The hospital confirmed a member of staff has now been suspended (Reuters)

An NHS hospital already being investigated for failing to care for its patients has apologised after a baby was found with a dummy taped to its face.

Mid Staffordshire NHS Foundation Trust has said it has suspended a member of staff following the incident involving the four-month-old baby boy.

Police are also investigating the incident following a complaint about the treatment of the child.

Colin Ovington, Director of Nursing, said the incident was "exceptional" but felt proud his staff were able to report on the occurrence.

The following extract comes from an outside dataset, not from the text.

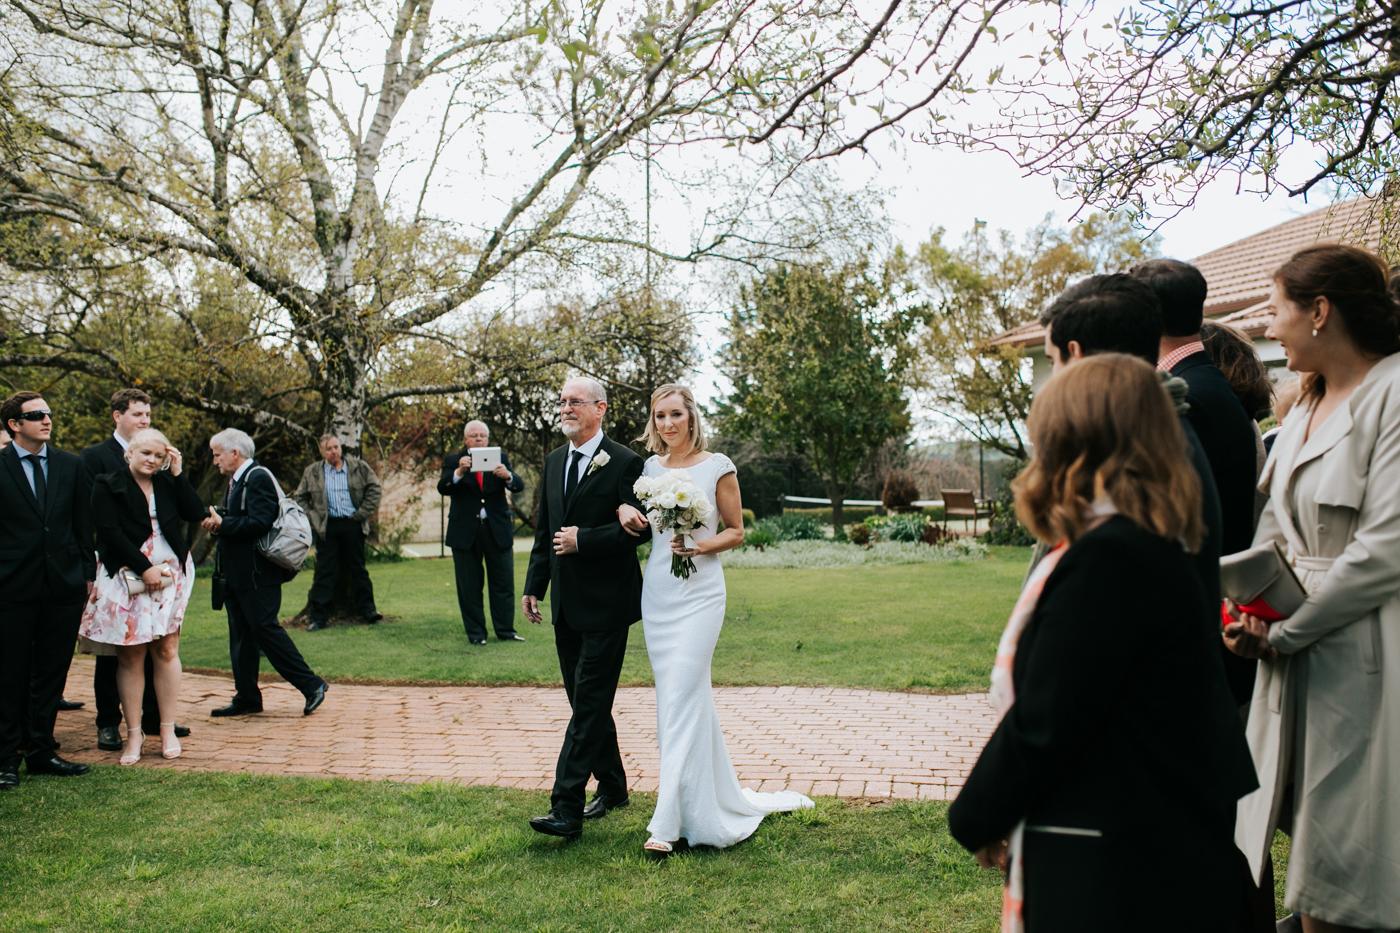 Bridget & James - Orange Country Wedding - Samantha Heather Photography-25.jpg

He added: "We have a zero tolerance approach to poor patient care and we take immediate, appropriate action as soon as we know about any potential serious incidents which happen in our hospitals. We are proud that our staff now feel confident to report any incidents which happen.

"One of our recent incidents involved a dummy that was found taped onto a baby's face. Fortunately, the baby was unharmed.

"We cannot emphasise strongly enough that this incident is exceptional and apologise again to the family. We want other hospitals to learn from this incident so that we can be sure that it does not happen to any other baby."

A spokesman for Staffordshire Police said: "Officers from our Protecting Vulnerable People Department are at the very early stages of investigating a complaint concerning the treatment of a baby boy by a member of staff at Stafford Hospital earlier this month.

"The baby boy, who was four months old at the time, was not harmed as a result.

"We are liaising closely with his family and the NHS Trust concerning the matter."

The hospital is already at the centre of a public inquiry into "serious failings" in the treatment of its patients between January 2005 and March 2009. The review is due to be published on 6 February.

A separate report by the Healthcare Commission in 2009 revealed between 400 and 1,200 more people died than what is considered normal between 2005 and 2008.

it has also recently emerged the trust has paid out more than £1m in compensation to 120 victims of abuse or their families.